Кася помедлила с ответом, ибо впервые не могла отыскать резкость. Неожиданно для себя сказала:

– Ты грязнее в сто раз! Твои звери не помогут, мне самой придется отскабливать тебя ножом и железной щеткой.

Двигаясь плечом к плечу, словно скованные одной цепью, они выбрались из-под листа. Головастик скрючился под толстым деревом, подогнув все лапы. Хоша распластался между сяжек, нахохлившийся, но спал так же мертвецки, как и могучий дим.

– Хороши, – буркнул Влад. – Это называется, я их оставил сторожить! Нас бы сожрали заживо, а эти стражи и сяжками бы не шелохнули!

Кася ощутила толчок симпатии к бедным зверям:

– Они измучились больше нас! На диме ехали, а буся высматривал врагов. К тому же кто станет есть такими грязными?

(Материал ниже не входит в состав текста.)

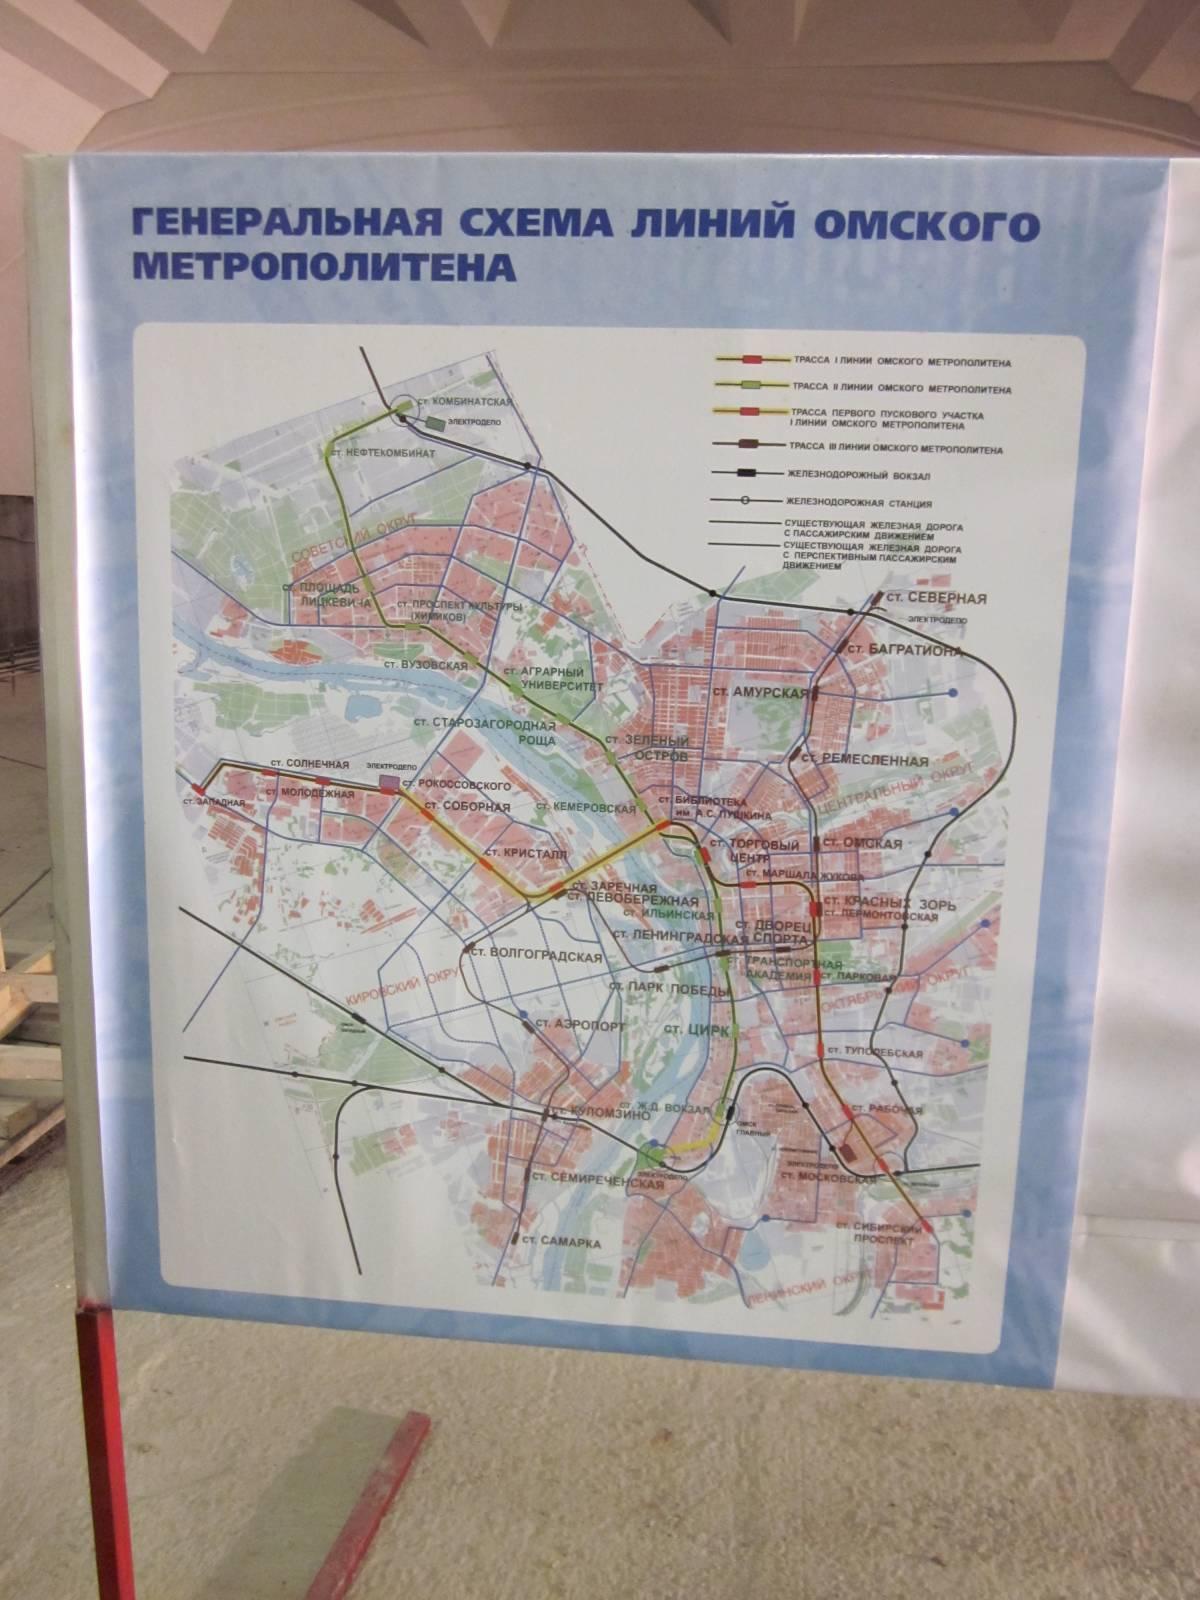 Схема омского метро - Фотографии - Фотоальбом - Диггеры Омска.

Влад посмотрел на нее пристально, девушка начала медленно краснеть. Влад сказал негромко:

– Сожрали бы, ну и ладно. Зато не скоблить эту мерзость.

Головастик, не просыпаясь, повел сяжками. Хоша тревожно стрекотнул, тоже не выползая из глубокого сна. Головастик вытянул сяжки далеко вперед, нащупал Влада. Кася опасливо попятилась, а страшный ксеркс внезапно прыгнул. Варвар очутился в чудовищном капкане жвал. Сверху скакнул Хоша, заверещал возмущенно, вдвоем с ксерксом спешно начали сдирать с хозяина враждебную плесень.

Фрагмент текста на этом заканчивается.